Maybe I’ll just end up being depressed enough to grow numb, and that will do in lieu of acceptance.
In the meantime, I am trying to stay remotely productive. I am editing a MS for publication soon (it’s in the proofreading/formatting stages now so it’s a lot of hurry up and wait while other people do their thing). I even went out on a limb and submitted a couple of short stories to various places recently. Who knows, right? But I haven’t written any new fiction for six months, barring one short story which even I can tell is more of a cri de coeur than anything literarily brilliant in any way – and of course it’s the first story that my in-house editor that I had for twenty years did not see and “fix” before I could show it to other people. I mean, I wrote before I met Deck and I can probably write again at some point but for those twenty shared years *he was part of the process* and now I have to learn to write all over again.

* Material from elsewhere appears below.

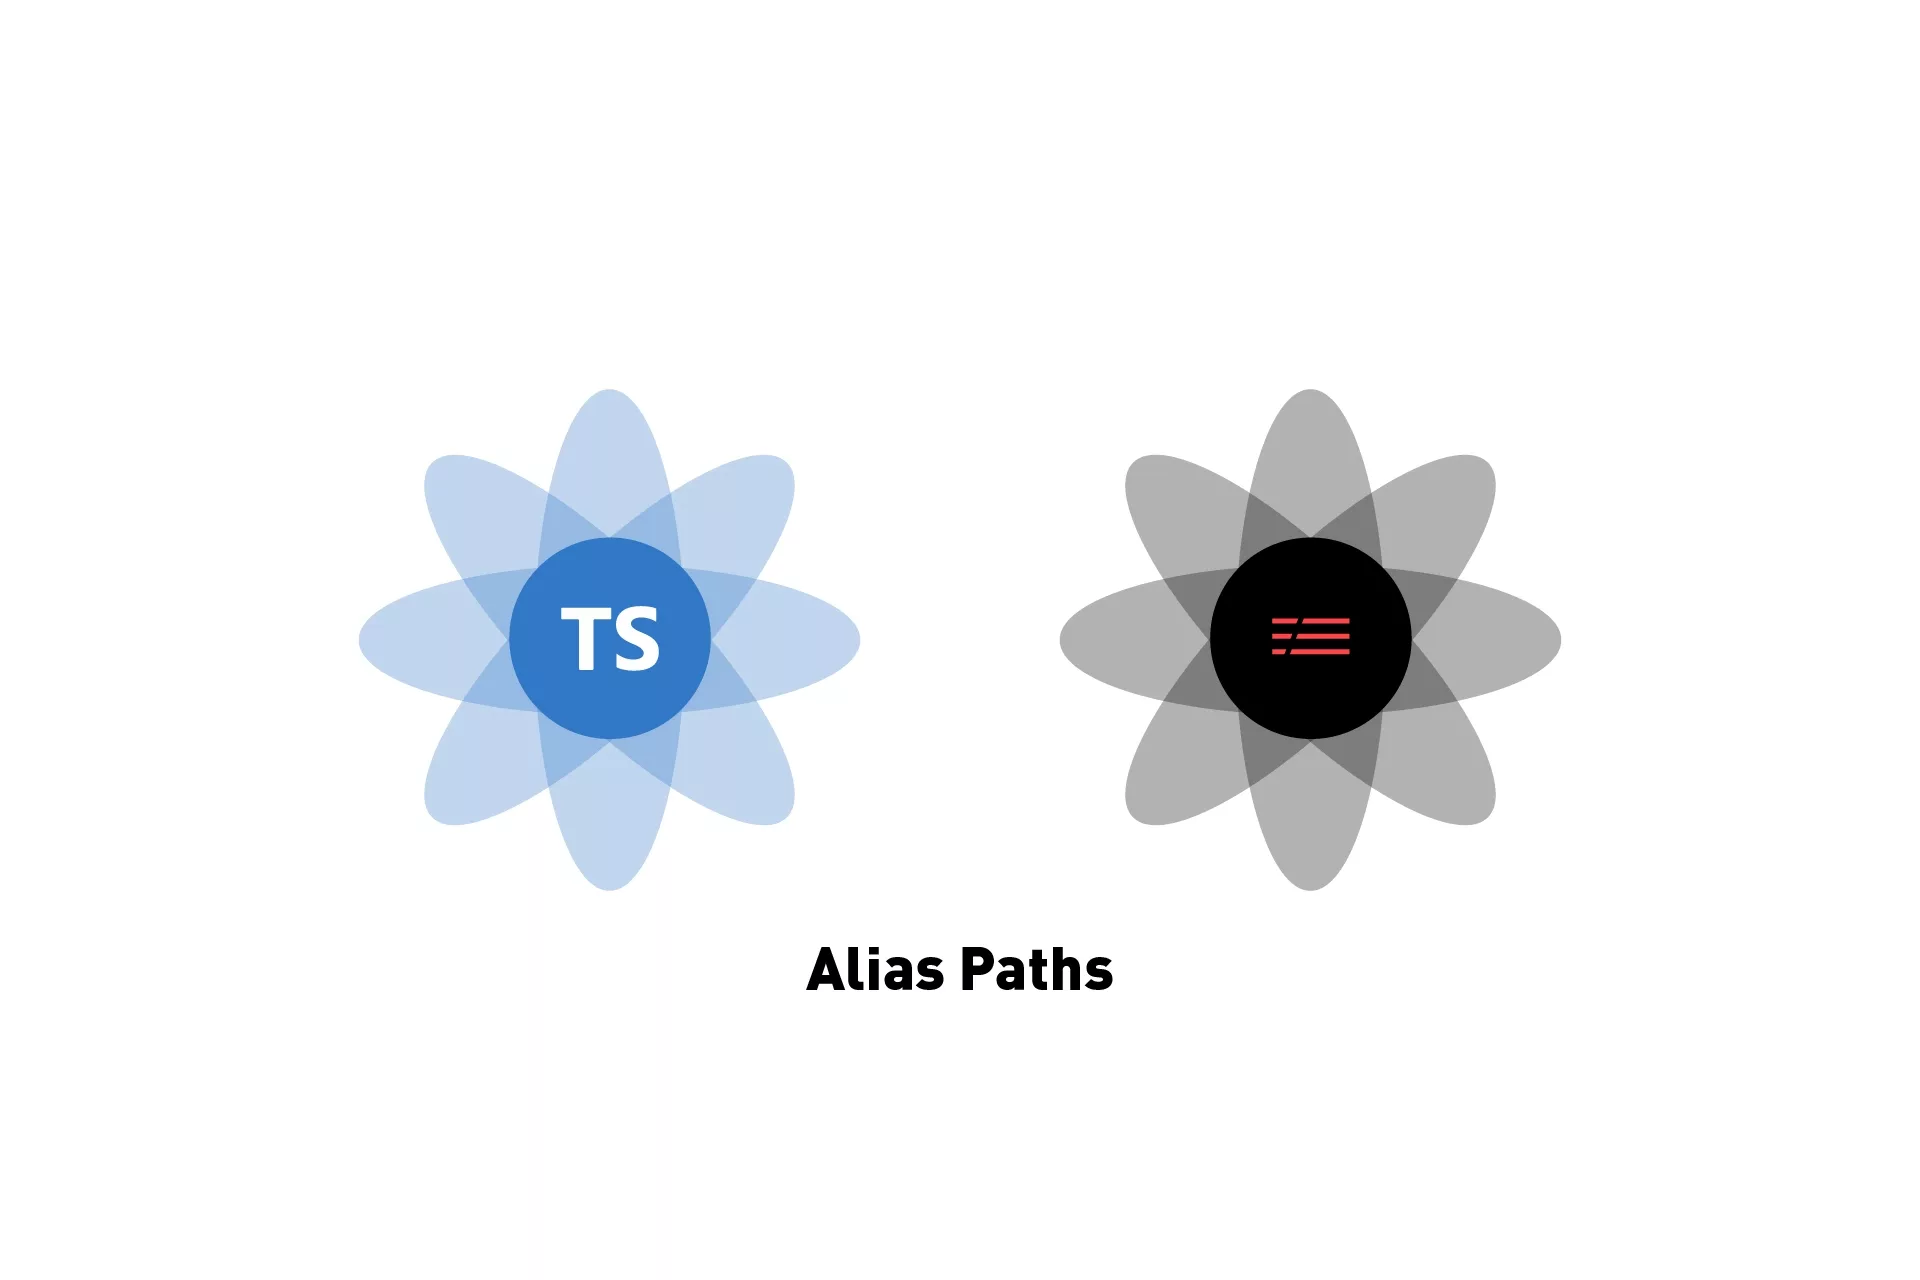 A flower that represents Typescript next to one that represents Serverless. Below it sits the text "Alias Paths".

Stages of grief? I’m in all of them, all at once.
It’s been just over six months since I became a widow. I simultaneously cannot believe that it’s been so short, and that it’s been so long. I think I have barely stirred from the start line, and there’s a marathon waiting to be run – and the stages of grief are waiting for me at every step I take forward, like so many traps just yawning for me. I guess the only acceptance I can muster right now is basically the acceptance that I am Frodo Baggins – I am wounded, wounded, and I will never really heal – not until I find the twilit quays where waits a ship to bear me to the uttermost west.
I will write about more cheerful stuff soon. I promise.